→ **Work request**: A word-for-word copy of the listing is required, and it must contain no pictures.

***** Data shown *****

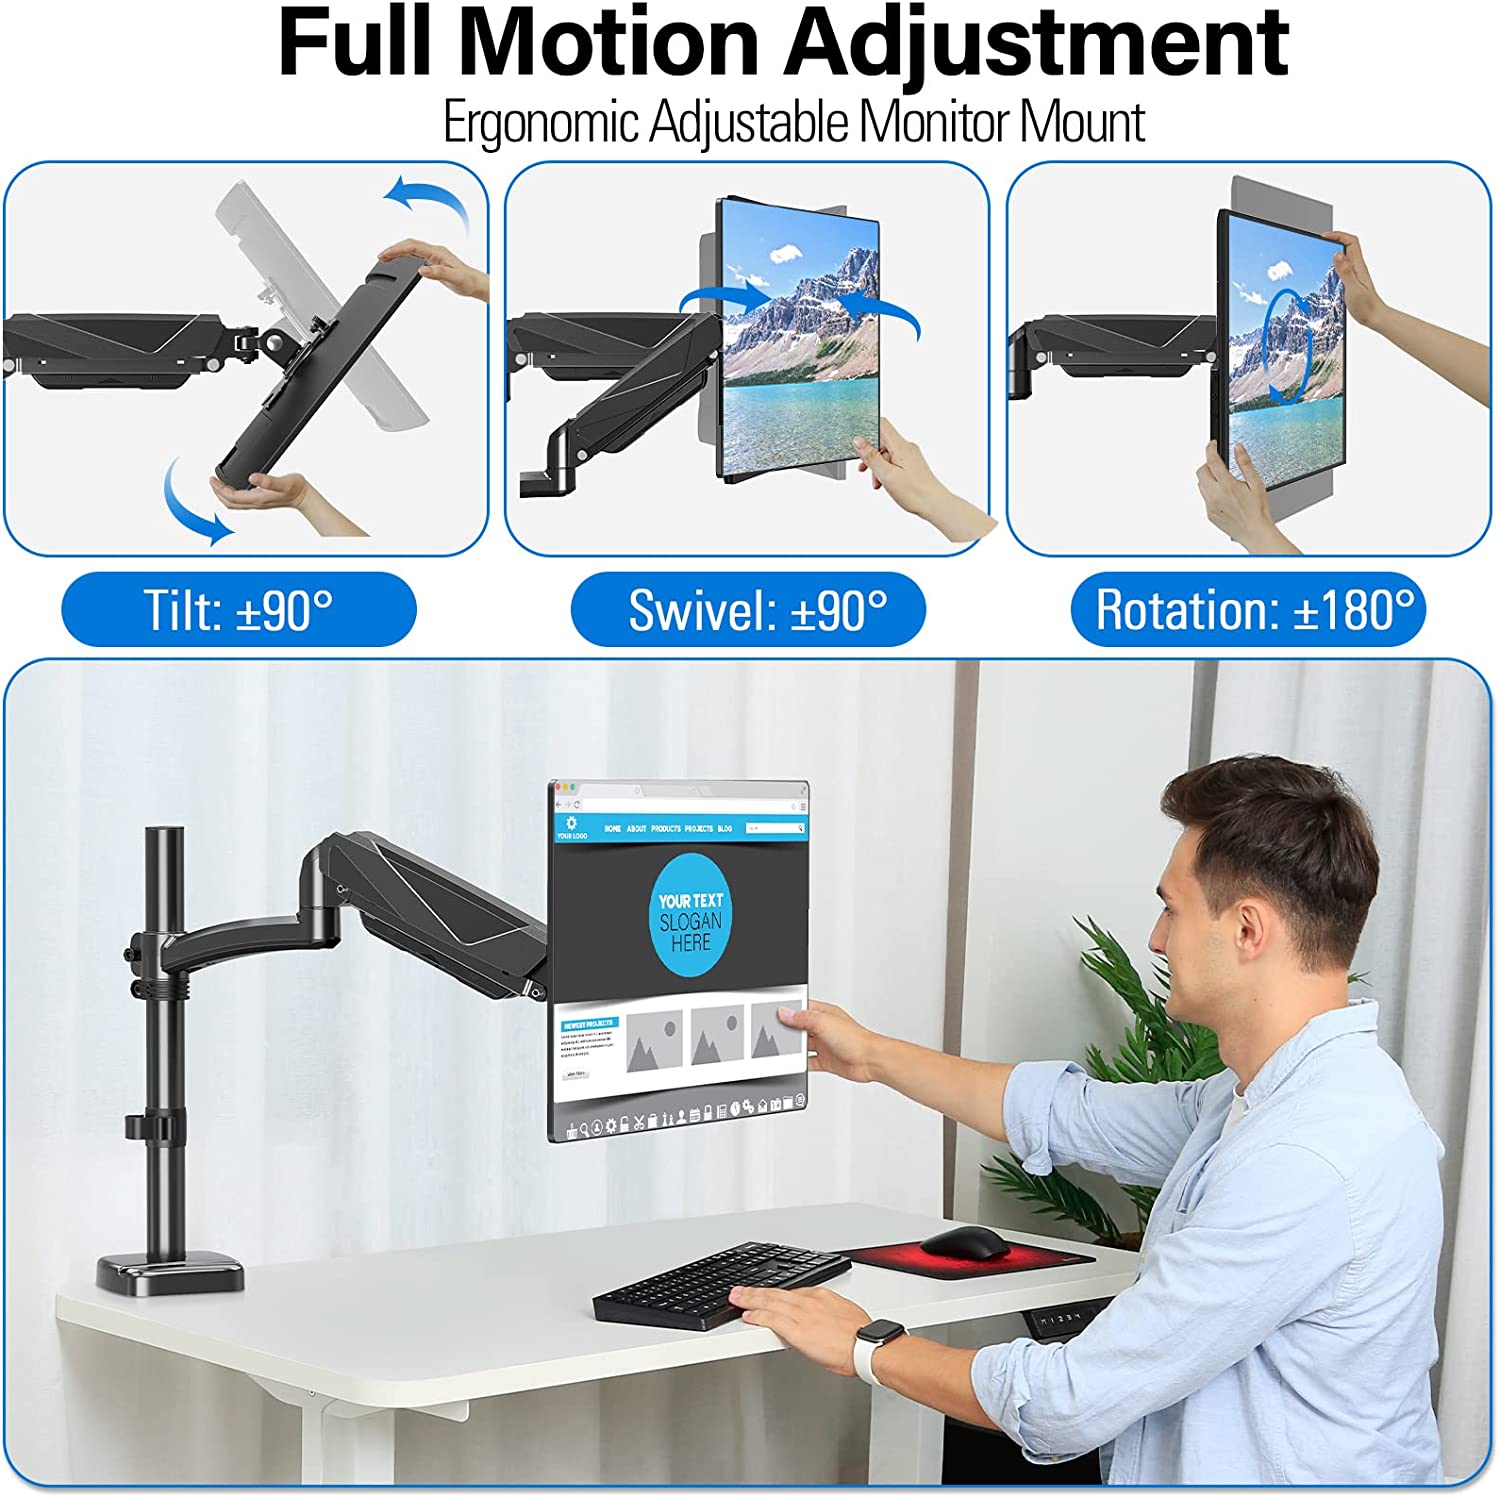 fully adjustable single monitor mount
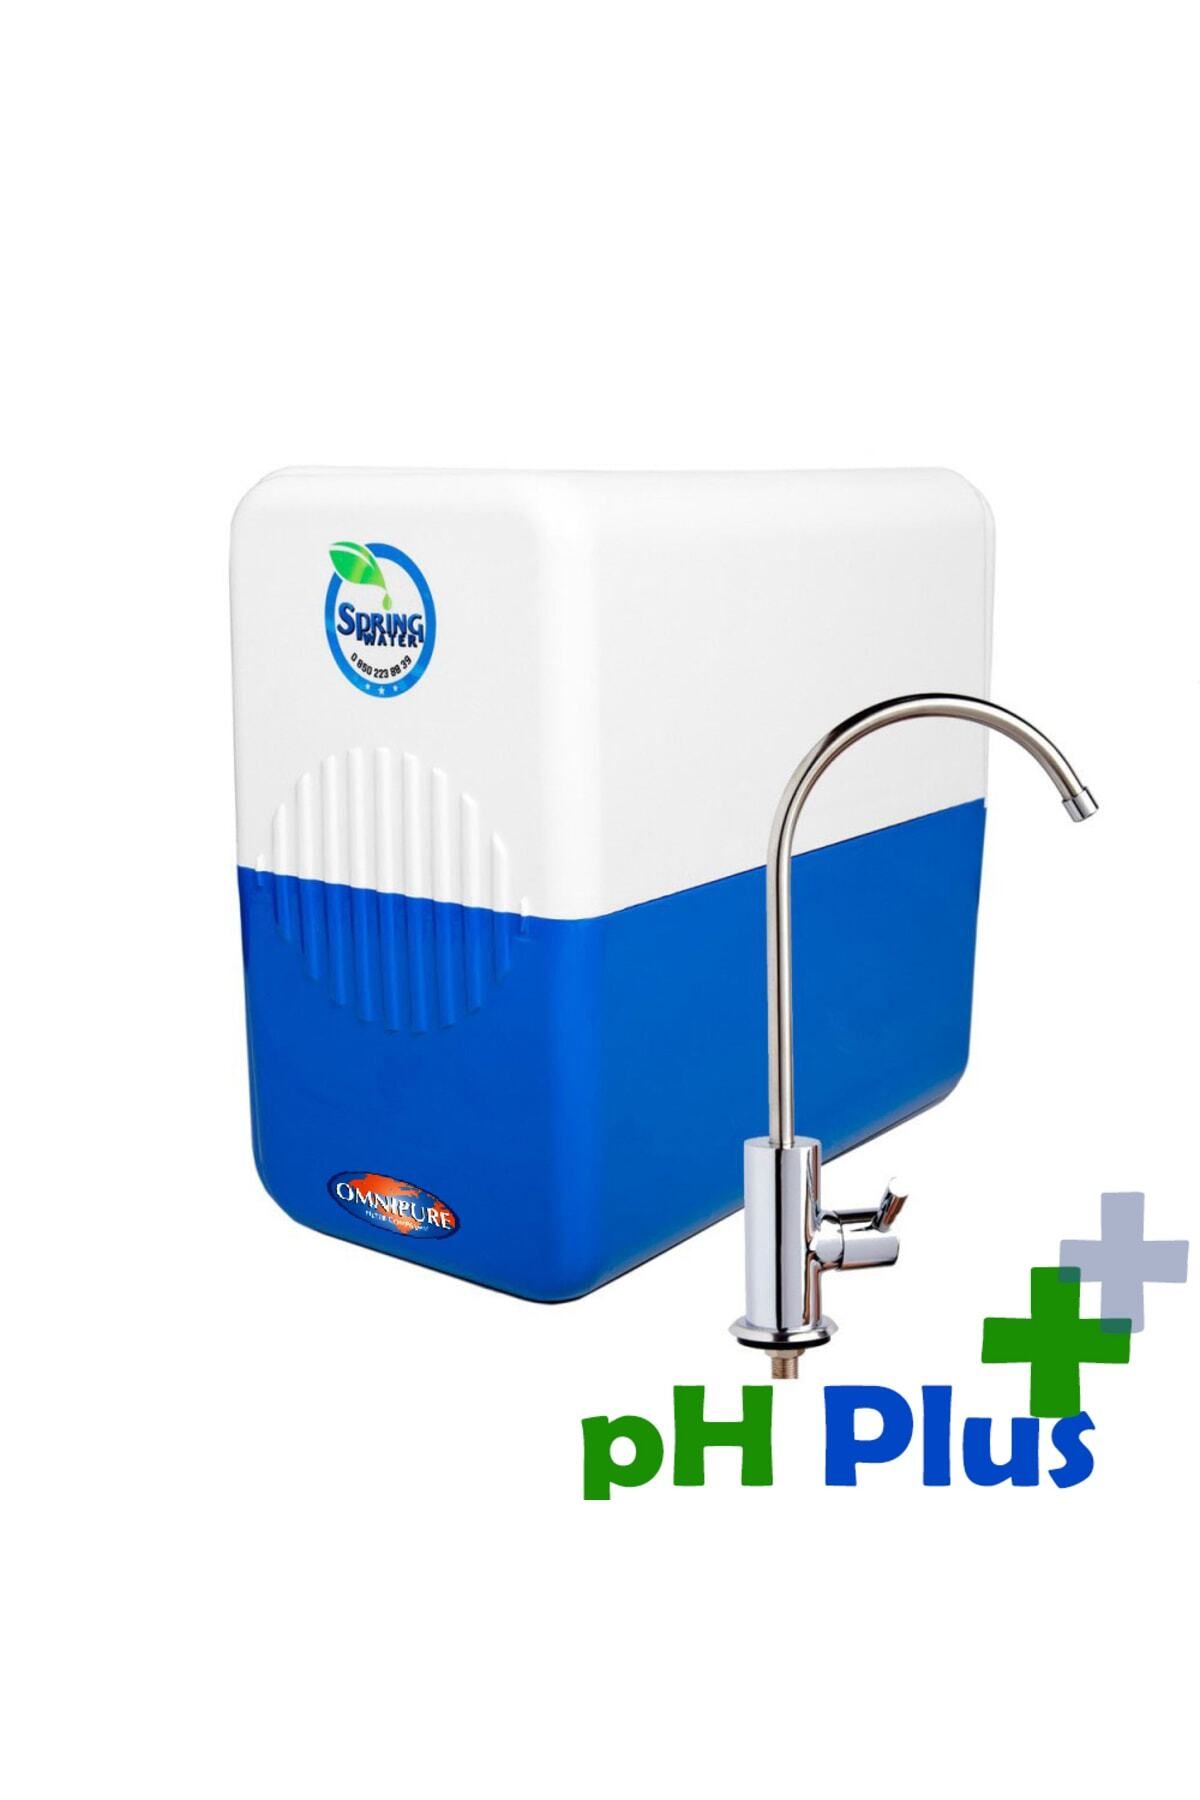 Spring Water Usa Omnipure Teknoloji Ph Plus Alkali Su Arıtma Cihazı
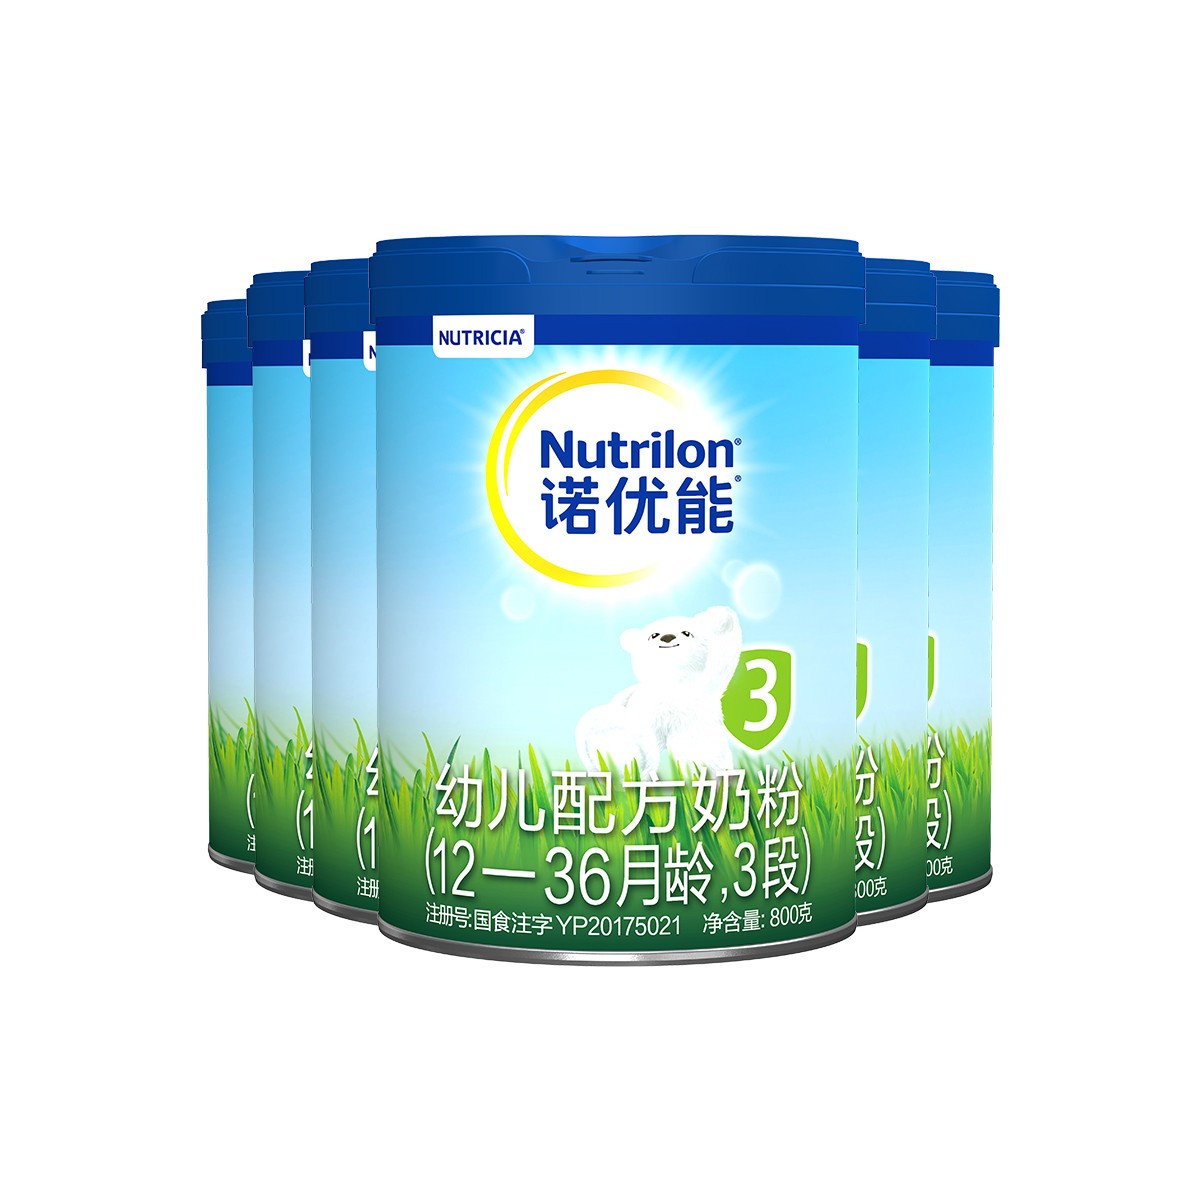 Nutrilon 诺优能 活力蓝罐（Nutrilon）幼儿配方奶粉（12—36月龄 3段）800g*6听 1008元

*****

→ **Written answer**:
 fully adjustable single monitor mount
 Spring Water Usa Omnipure Teknoloji Ph Plus Alkali Su Arıtma Cihazı
 Nutrilon 诺优能 活力蓝罐（Nutrilon）幼儿配方奶粉（12—36月龄 3段）800g*6听 1008元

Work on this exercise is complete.